On its face, Trump’s new travel ban – unlike his last one – meets this criterion. The ACLU is protesting that the ban is still fundamentally rooted not in national security concerns but prejudice and is looking it over for legal challenge. It will have a harder time prevailing in court, but that does not mean it is wrong. Indeed, the order is mere security theater whose intention is to stoke anti-Muslim fear not make America safer.
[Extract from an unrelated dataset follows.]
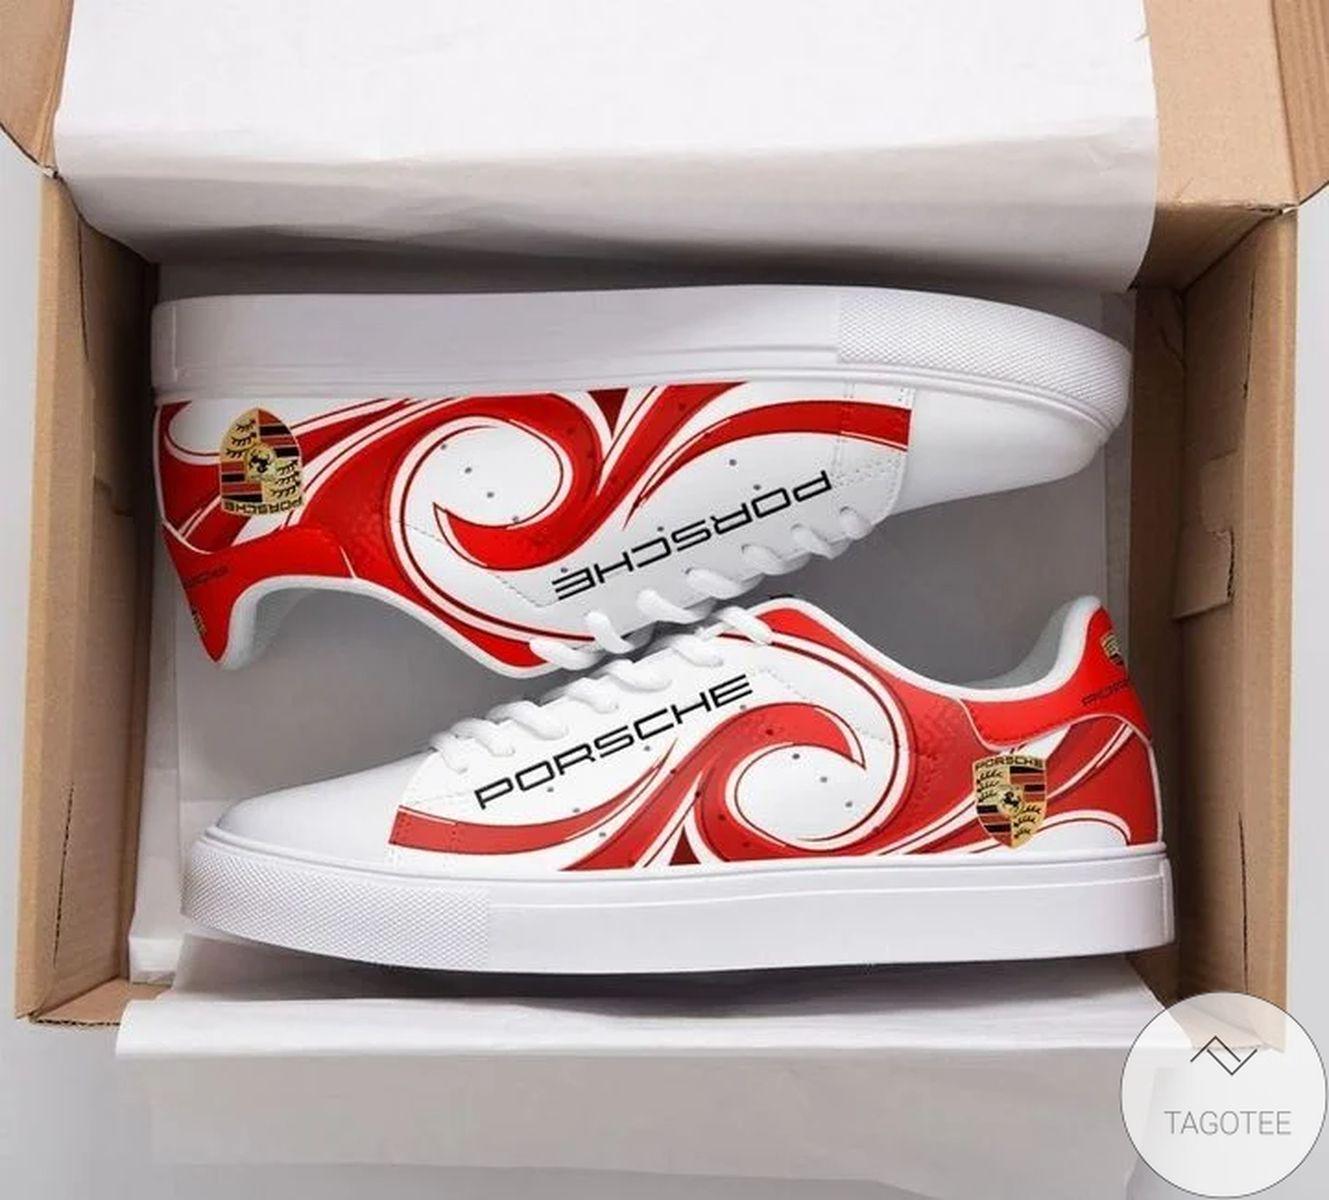 Adorable Porsche Red Stan Smith Shoes

For starters, as with the old ban that, like the proverbial drunk who looked for his lost car keys under the lamppost where he could see rather than where he lost them, the new ban too goes after countries that are easy targets, not ones that actually have sent terrorists to America (not that it would be OK to have a blanket ban against innocent tourists or students or other travelers from them either). The countries covered by the ban this time include Iran, Syria, Sudan, Libya, Somalia and Yemen. Iraq, which was in the original ban, has been dropped from the list because, evidently, the Iraqi government has assured the administration that it has adequate vetting procedures in place. With the exception of Iran, what’s perverse about this list is that it shuts out the victims trying to flee Islamic terrorism. (And in Iran’s case those who want to flee repressive mullahs.)